Но я проснулась – в середине следующего дня, с жуткой головной болью и онемевшим телом; сознание медленно возвращалось ко мне – пустые бутылки, мерцающий экран телевизора, полувытащенная из видеомагнитофона кассета… Я вспомнила вчерашний просмотр и застонала: на щиколотку Юленьки была надета цепочка – все было именно так, как я написала в сценарии. Теперь я знала и как убивали остальных, как добросовестно воплощали в жизнь все мои жестокие и блеклые полуночные фантазии. Мне больше не нужно было подтверждений.
Как ни странно, раскалывающаяся голова на время спасла меня – я ни о чем не могла думать. А когда проблевалась и немного пришла в себя – то сунула кассету Нимотси на самое дно рюкзака и забросала вещами – как будто это могло хоть что-то изменить.

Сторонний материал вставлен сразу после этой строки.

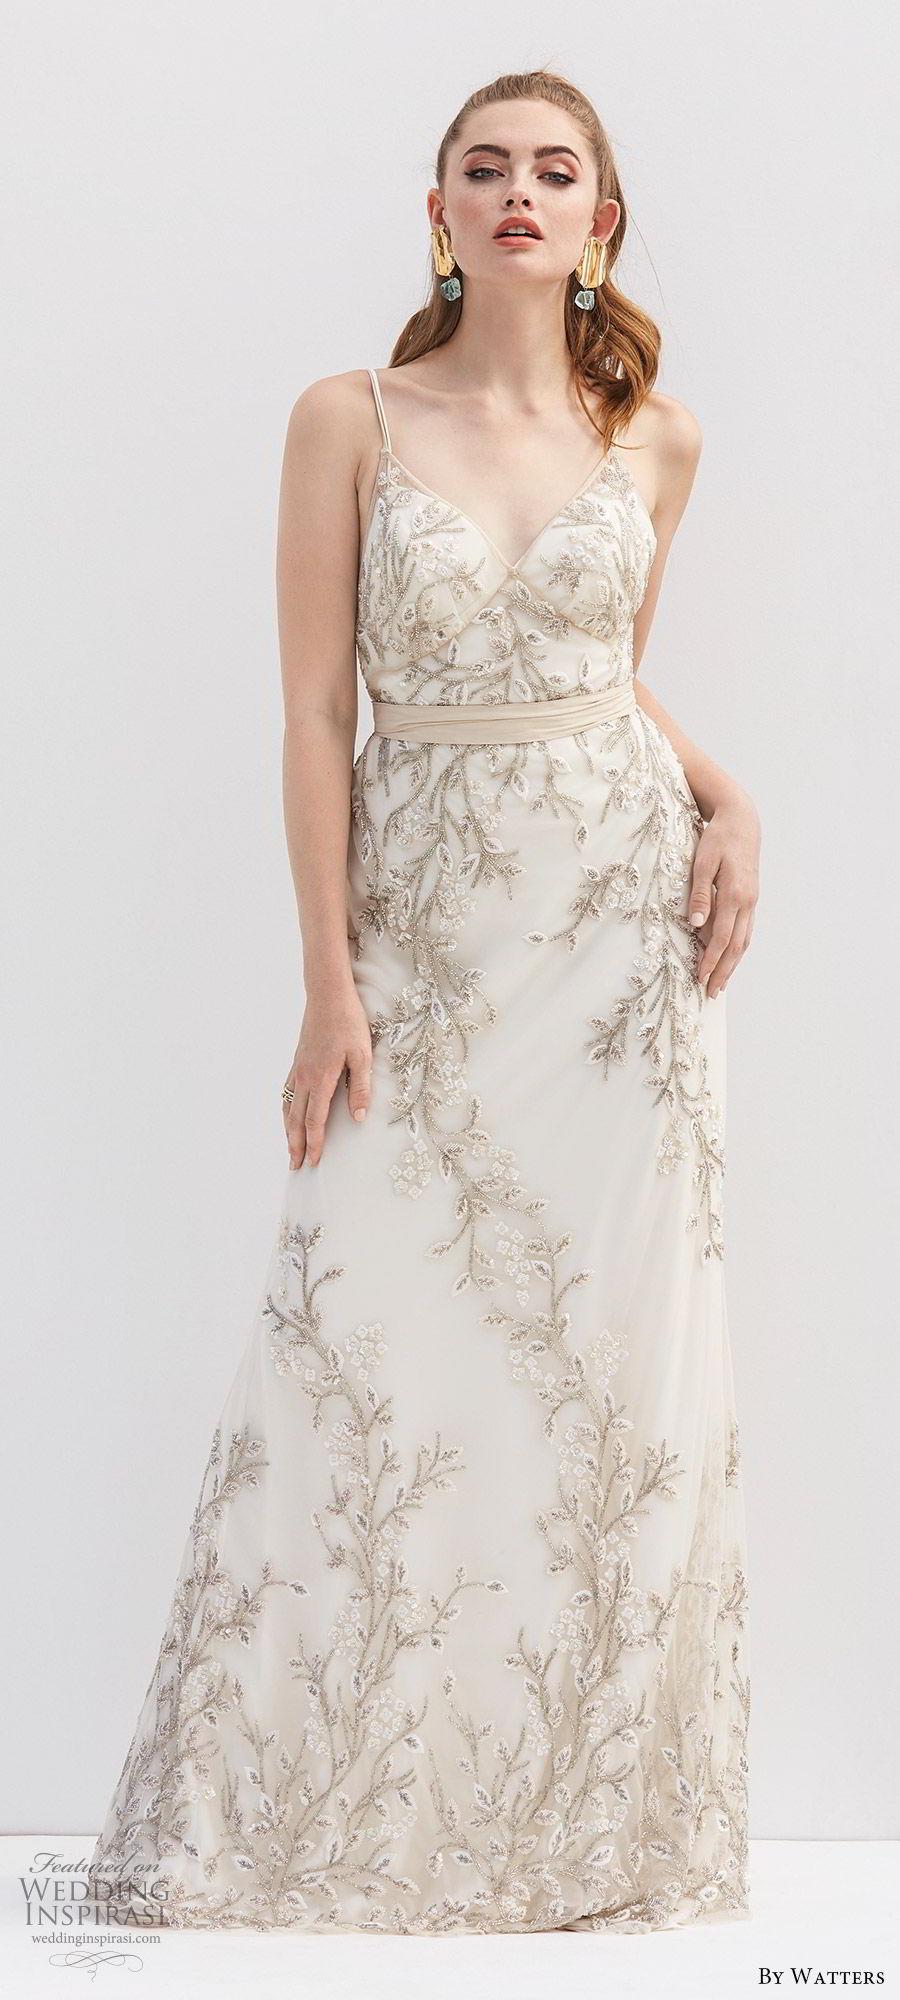 by watters 2020 bridal sleeveless thin straps v neck lace fully beaded a line wedding dress (10) sash belt romantic elegant mv

За последний месяц я видела три смерти, я сама была виновата в двух – но ни одна из них не произвела на меня такого впечатления, как смерть Юленьки на магнитной ленте… Может быть, дело в том, что ее смерть можно воспроизводить и воспроизводить – сотню, тысячу, десятки тысяч раз… Она была материальна, от нее нельзя было отмахнуться, единственное спасение – водка. В барс еще оставалась водка, можно снова напиться и впасть в забытье.
Я налила целый стакан водки, поставила его перед собой, но вовремя поняла, что меня вырвет сразу же – стоит только поднести стакан к губам.
"Эдак ты сопьешься, чего доброго, и умрешь на железнодорожной станции Новый Иерусалим, – осудил меня Иван. – Грешно при твоем нежном алкогольном опыте опохмелицию вызывать, лучше кефир полакай, Лианозовского молочного комбината”.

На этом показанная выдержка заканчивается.